Updated March 8, 2014 to discuss the use of GPL licenses.
This page discusses general procedures for implementation assignments and extra credit projects. See the individual assignment pages for details.
There will be three implementation assignments. These will involve writing Java implementations of abstract data types and associated algorithms, and testing the implementations on sample data. You will also provide instructions on how to compile and run the program, document your design and implementation (including complexith analysis), and present and discuss test results. The assignments will progressively give you more responsibility. For the first project, you will be told what to implement, and it will be weighted 6% (60 points). For the second assignment you will need to make some implementation choices. The second assignment will be weighted 10% (100 points). The third assignment will require some research and decision making on your part to solve the problem. It will be weighted 10% (100 points).
The following requirements have been adopted from Dr. Sugihara:
All software must be written in Java. Other programming languages may not be used except where specified by the assignment.
The software must be compilable on the default version of Java available on uhunix.hawaii.edu at the time of the submission deadline. The reason for this is to ensure that there is a common reference environment against which we can resolve disputes. We can't grade projects on claims that "it compiled on my machine".
Uhunix is running Solaris. At this writing, the Java version is:
java version "1.7.0_51" Java(TM) SE Runtime Environment (build 1.7.0_51-b13) Java HotSpot(TM) Server VM (build 24.51-b03, mixed mode)
Projects submitted with higher versions of Java (if they become available) are at your risk. Note that the instructor is presently running research projects in Java 1.6 in Snow Leopard on which Java 1.7 is not available. Some features of Java 1.7 do not compile in 1.6, so if you could stick to 1.6 features he won't have to go to UH Unix to run your code.
The software should run as a Java application.
The student shall submit .java source files (not class or jar files), organized in folders as required for your package structure, along with instructions for compiling the program and other documentation discussed in the next section.
Source files should include the BSD License Header based on this template, with "<year>", "<copyright holder>" and "<organization>" replaced appropriately.
Other open source licenses (e.g., Apache or GNU) may be used with prior permission from the instructor if the student has a specific reason for doing so and understands the consequences. See the discussion under Other Licenses two sections below.
Source should include appropriate in-line comments documenting the software design. Comments should not document the obvious (e.g., "this line adds 1 to the index variable"), but rather document functional intent and constraints such as loop invariants, explain something that would otherwise be obscure, mark places that need improvement, etc. Descriptive use of variable and method names also constitutes internal documentation. See next section for external documentation requirements.
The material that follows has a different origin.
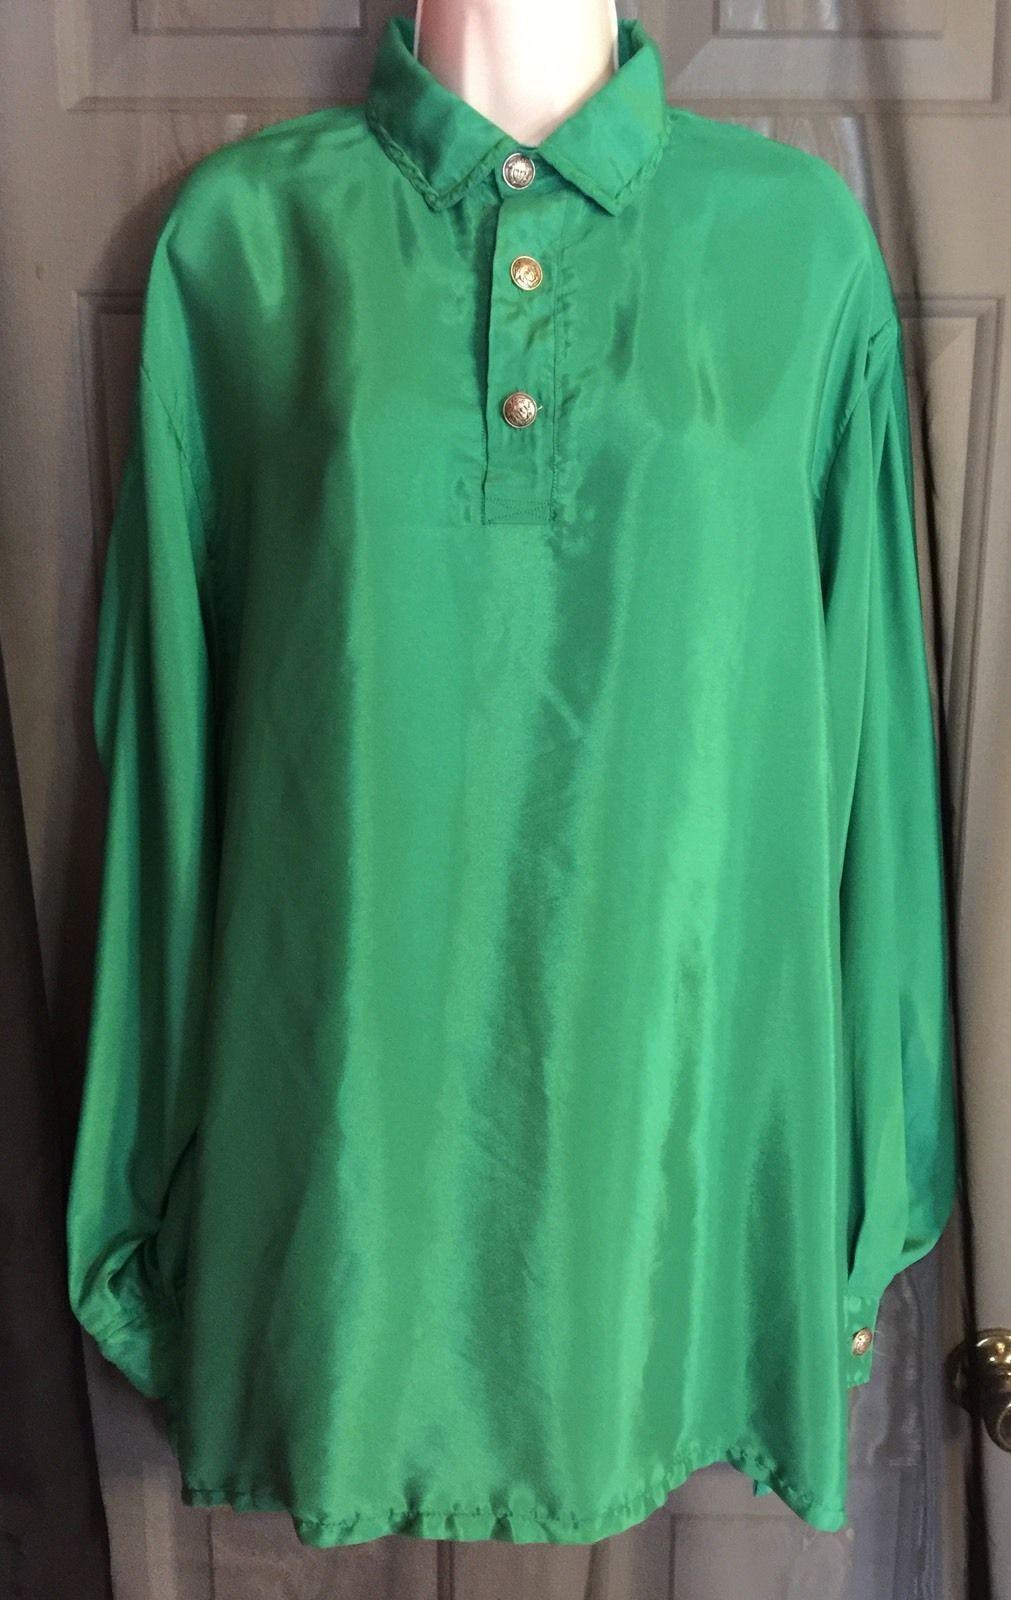 Vintage 90s Gianni Versace Green Couture 100 Silk Shirt Size 1x   eBay 1e84c29814d

Each assignment will specify where you are allowed to reuse source code of open source software developed by other authors, and where you must write your own code for the assignment. Where allowed by the assignment, reuse of open source code is allowed if the following conditions are also met:
When source code of a module is reused, add the name(s) of its original author(s) to an @author tag at the beginning of the reused module. If you modified the source code for more than bug fixes, add your name as an author of a derivative from the original source code:
/** * * @author Original Author James Brown * @author Derivative Author Robert Smith * */
I am often asked whether one can use code under another license. You may use other open source licenses as long as (1) they give you the right to use the code under conditions acceptable to you and (2) you document this as needed. An example is the GPL license. You may use a GPL compatible license, but you use this license, all the code you write must also be under GPL. See http://en.wikipedia.org/wiki/Free_software_license for an overview, and read some blogs about this hotly debated issue.
Software will be submitted with appropriate documentation, including the following. (Think of your audience for this documentation as any potential users, including your classmates as well as the TA and instructor.)
These are our default grading criteria. Some adjustments may be made when we see where the greatest effort is required.
If others elect to use your software in a subsequent assignment (e.g., using your graph ADT implementation in the third assignment), we will give extra credit. See discussion in Assessement page. Use should be credited in the Readme and Reference Manual.